Un trajín de meseros, cual hormigas en desbandada, distribuía el banquete. Las notas de Balada para Adelina marcaban el ritmo a los comensales para deglutir muslos de pollo, pasta de coditos y ensalada fría de col morada y zanahoria.

Sobrevino el apagón, cinco segundos después comenzó a sonar el rocanrolito de Hopkins. Un reflector se encendió. Trino saltó a la pista y comenzó a bailar al ritmo de Shake it baby, la interpretación de Lightning Hopkins sonaba por todo el salón de forma límpida con ayuda de la interferencia causada por el asombro de los invitados.

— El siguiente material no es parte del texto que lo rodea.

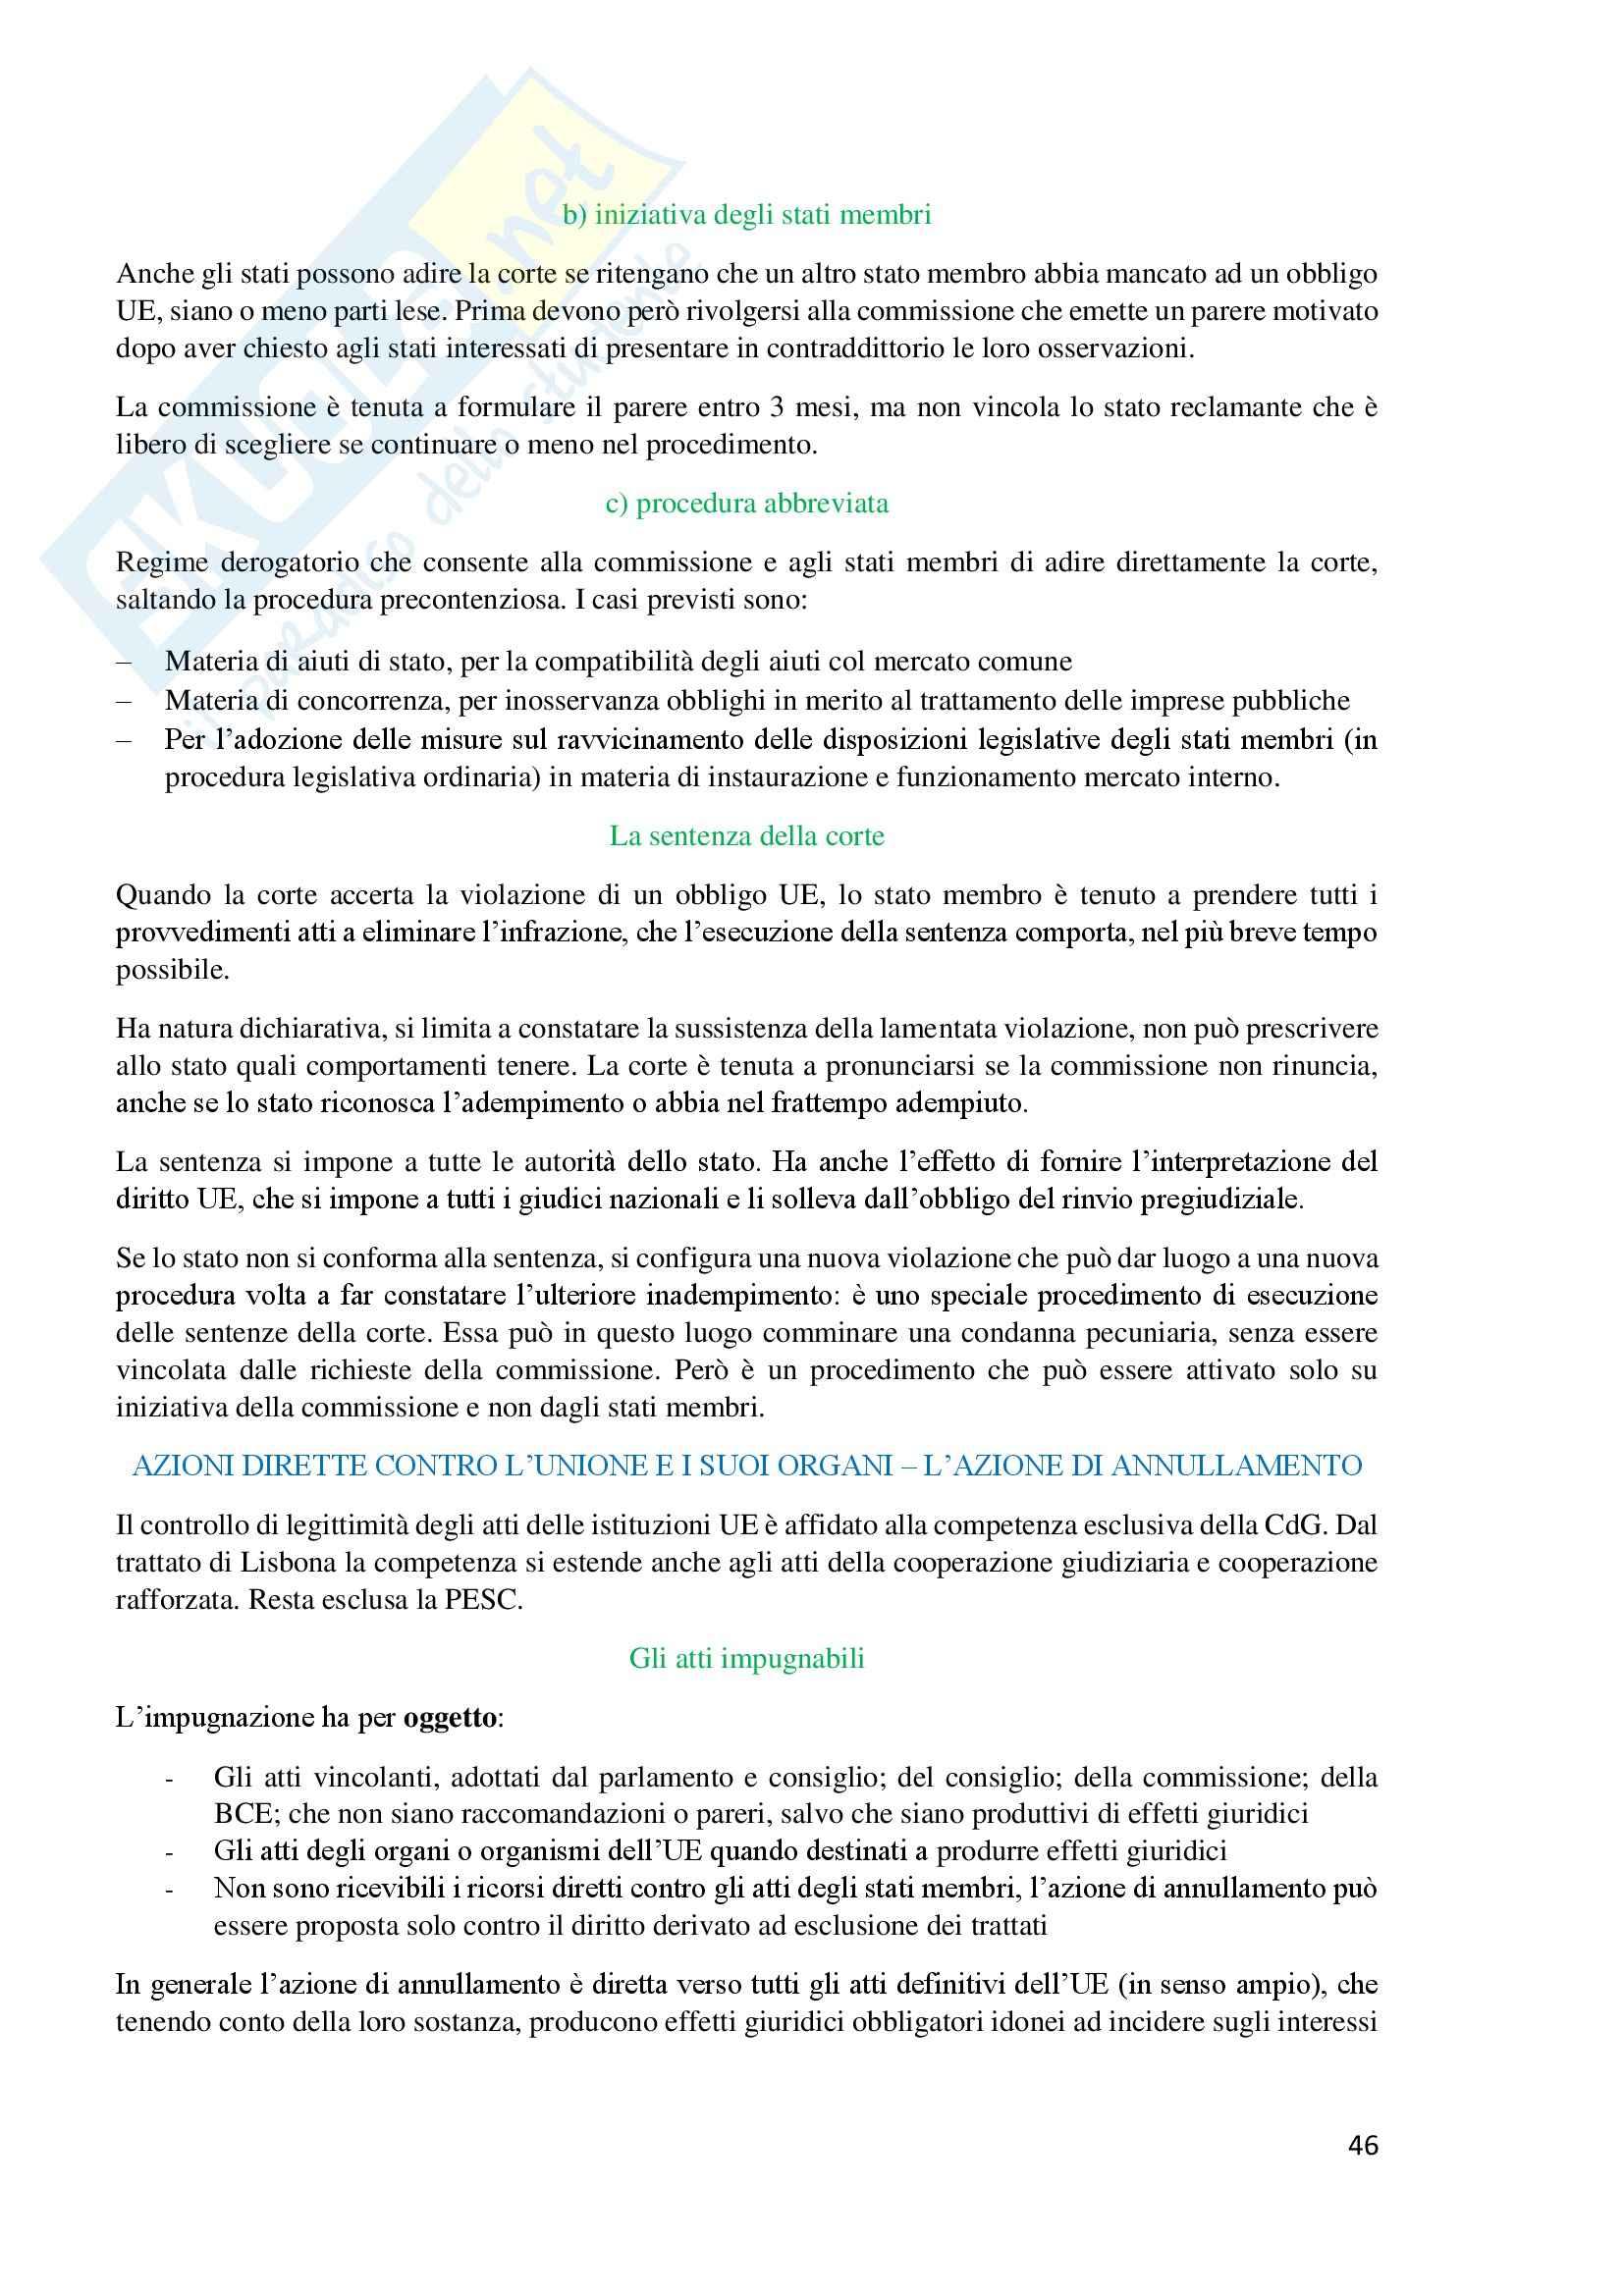 Lezioni, Diritto dell'Unione Europea Pag. 46
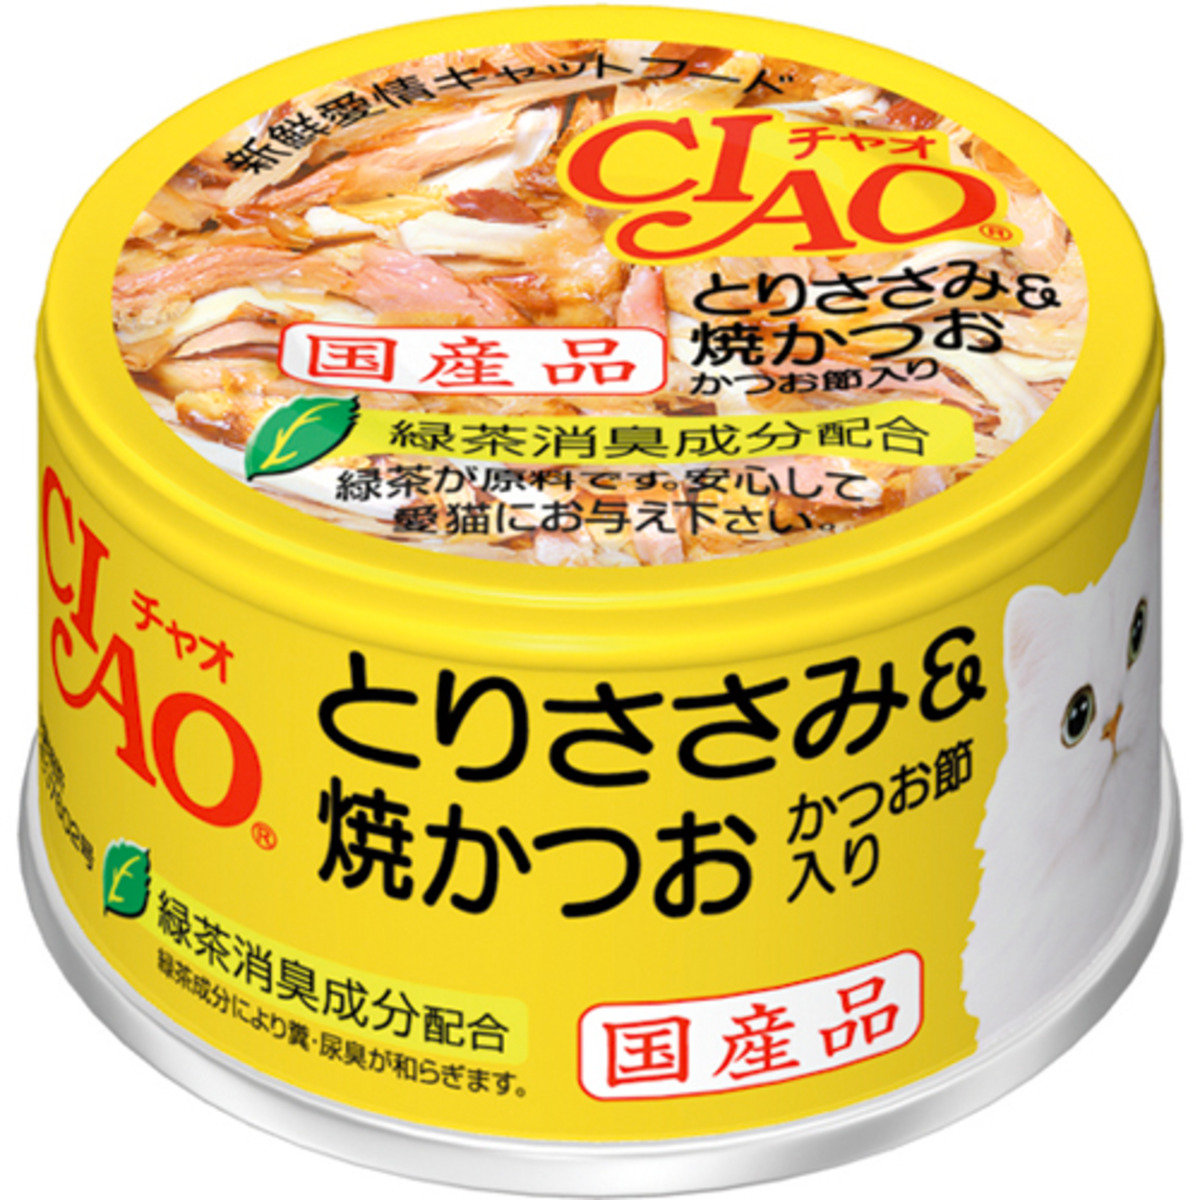 日本CIAO綠茶雞肉燒鰹魚 C-54
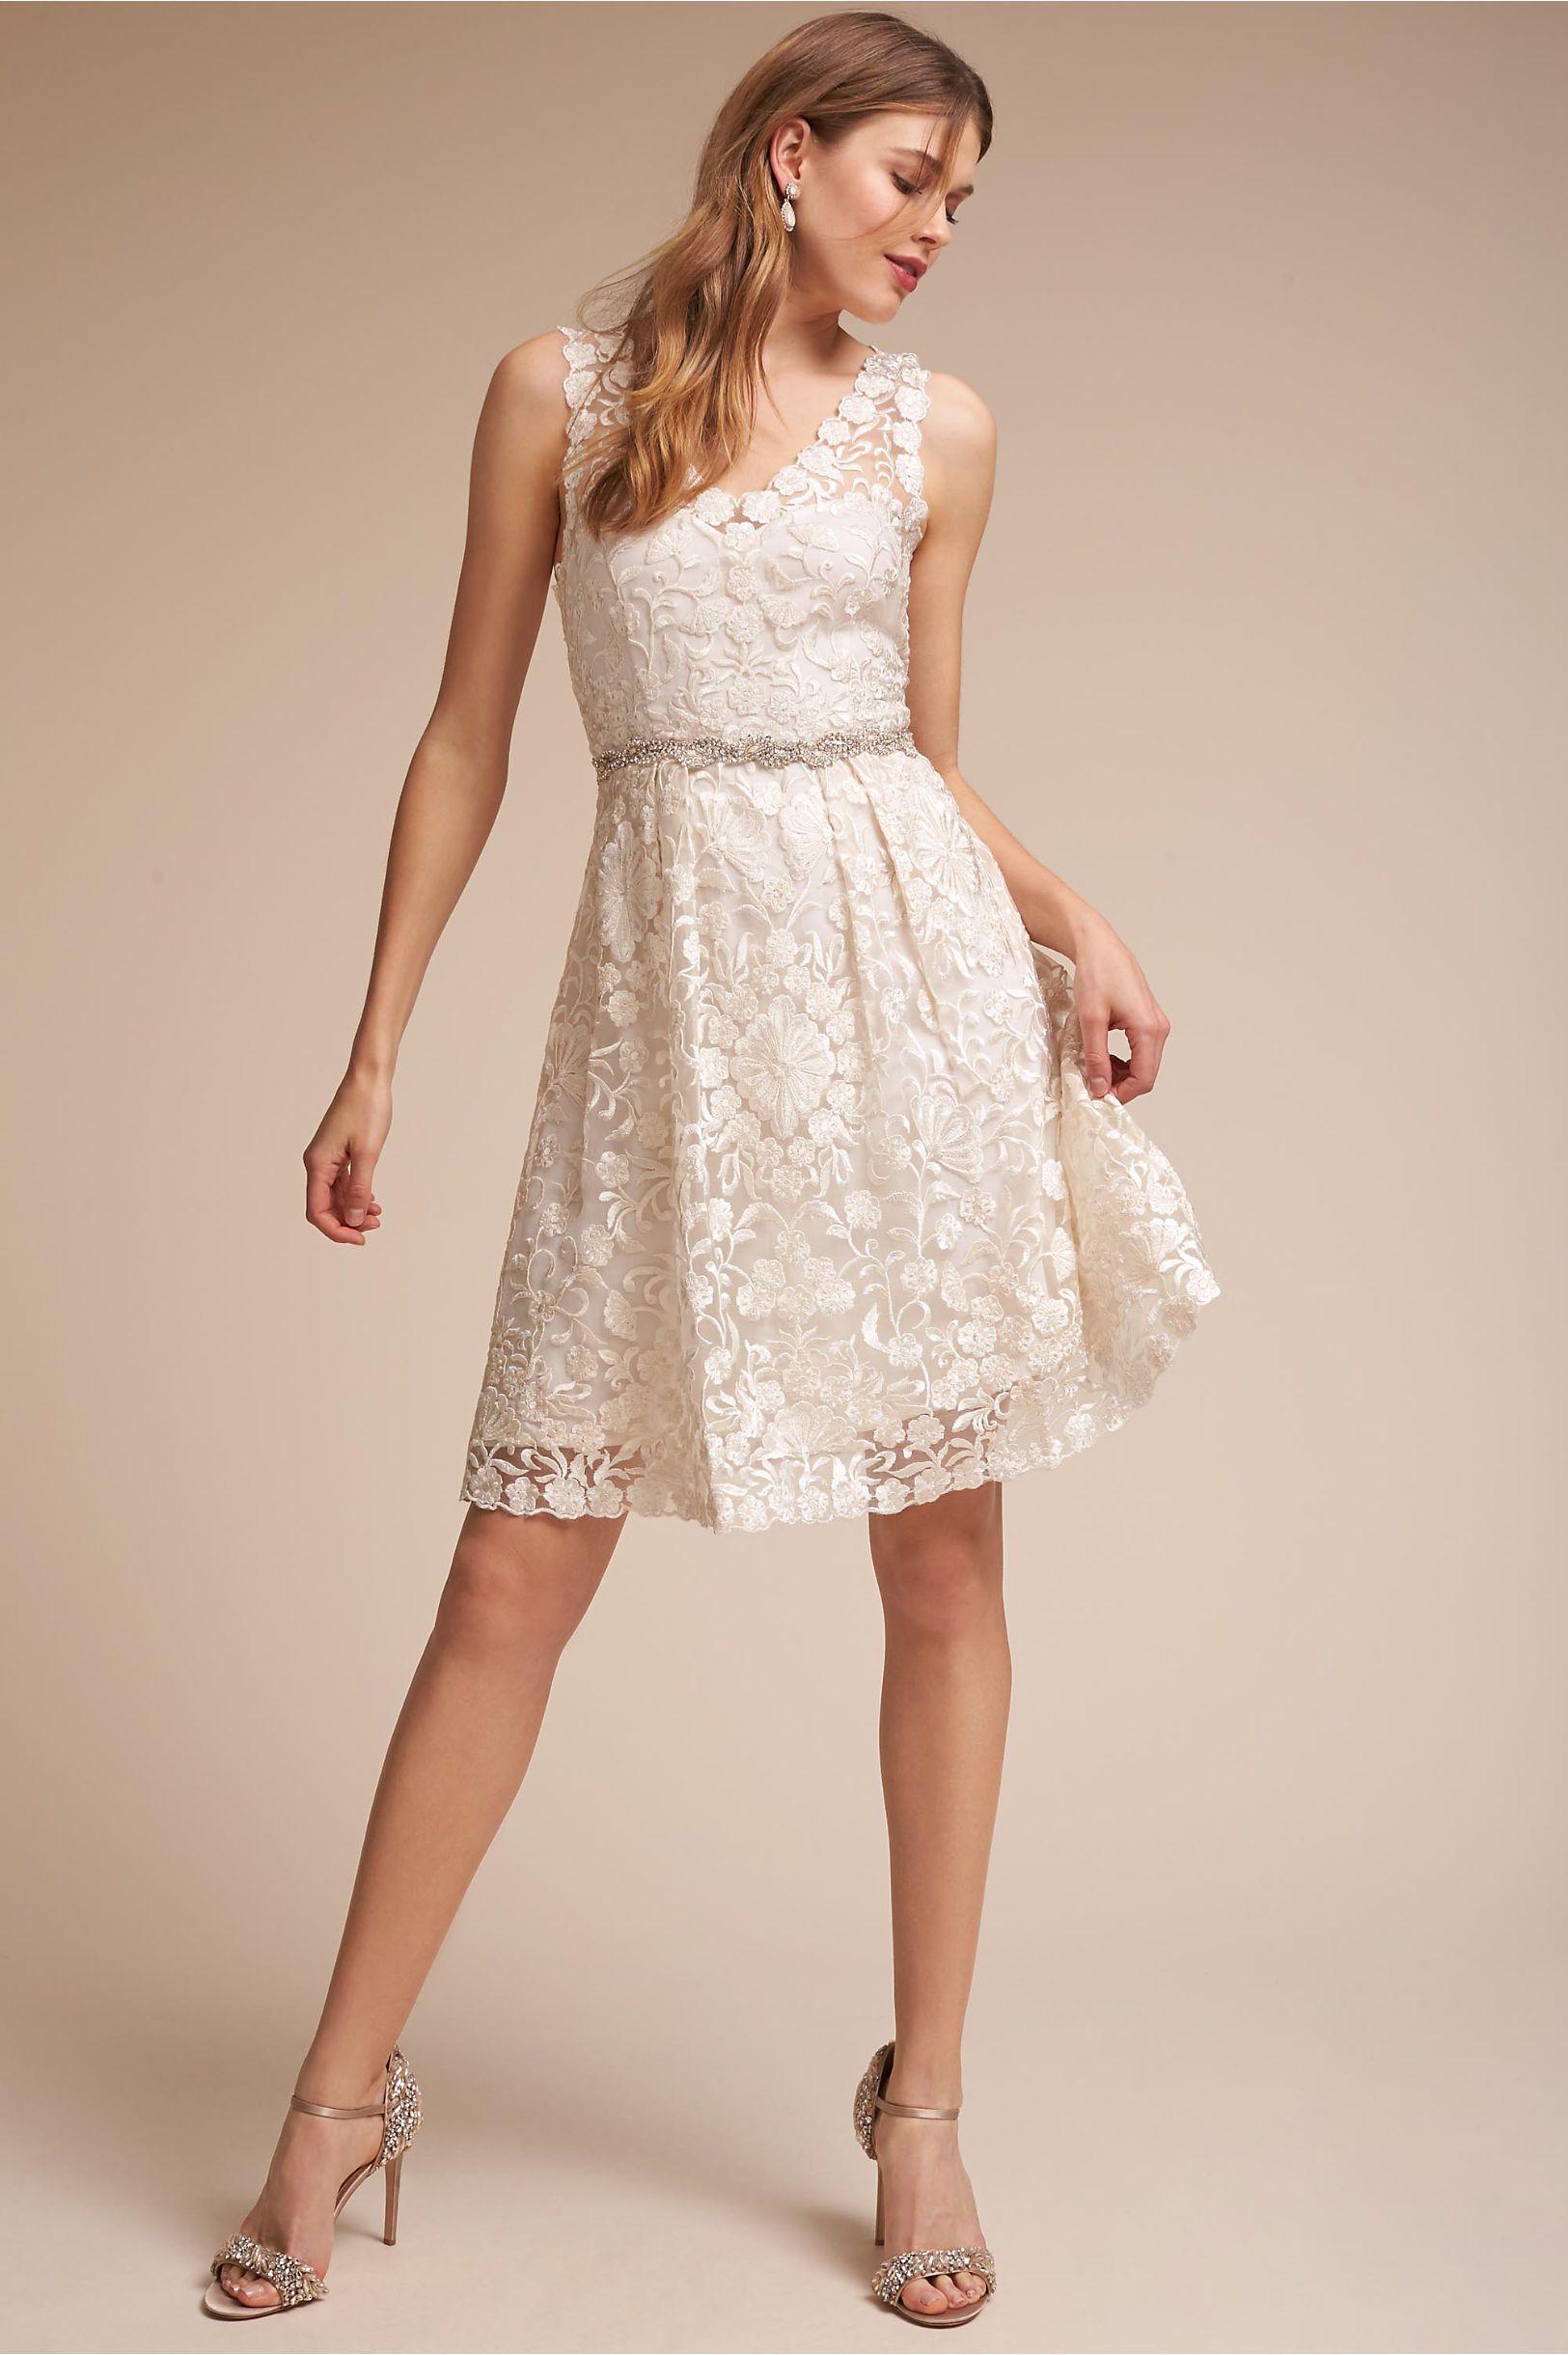 cali dress | kurzes hochzeitskleid, cocktailkleid, kleider

Nadie sabía si reír, reclamar o detener el bizarro espectáculo. El movimiento ondulante de las lonjas sudorosas de Trino los dejó sin habla, no menos impactante resultó su apariencia: cabello pintado de naranja, el cuerpo depilado brillaba por las varias capas de esmalte color amarillo. Para algunos asistentes el numerito formaba parte de la extravagante variedad contratada para la ocasión: la fiesta de quince años que Ranulfo y Celina ofrecían a su princesita Deyanira, la Yanis para la pandilla del barrio, el bizcochito más perseguido de la colonia.

Pero la fiesta devino en tragedia cuando el contingente de chambelanes cadetes se lanzó a la carga contra Trino. El primer golpe desencadenó la ira de toda la pandilla. Como viejos y astutos guerreros los de la cinco tres controlábamos la riña, arrinconamos a los chambelanes como ratones contra la clausurada puerta de emergencia del casino. Pero Ranulfo seguido por los meseros, los miembros del grupo versátil y el personal de seguridad del casino nos cayeron por la retaguardia. Entonces sobrevino el artero guitarrazo en la nuca del pobre bailarín, quien cayó fulminado sobre la pista.

Nunca más despertó, fue llevado en calidad de bulto al Hospital Civil donde falleció días después. No se le pudo juzgar por los cargos de pandillerismo, posesión de armas y drogas, además del nunca probado asesinato de la Yanis, quien al terminar la refriega apareció muerta sobre la mesa de honor con un picahielos clavado en la yugular.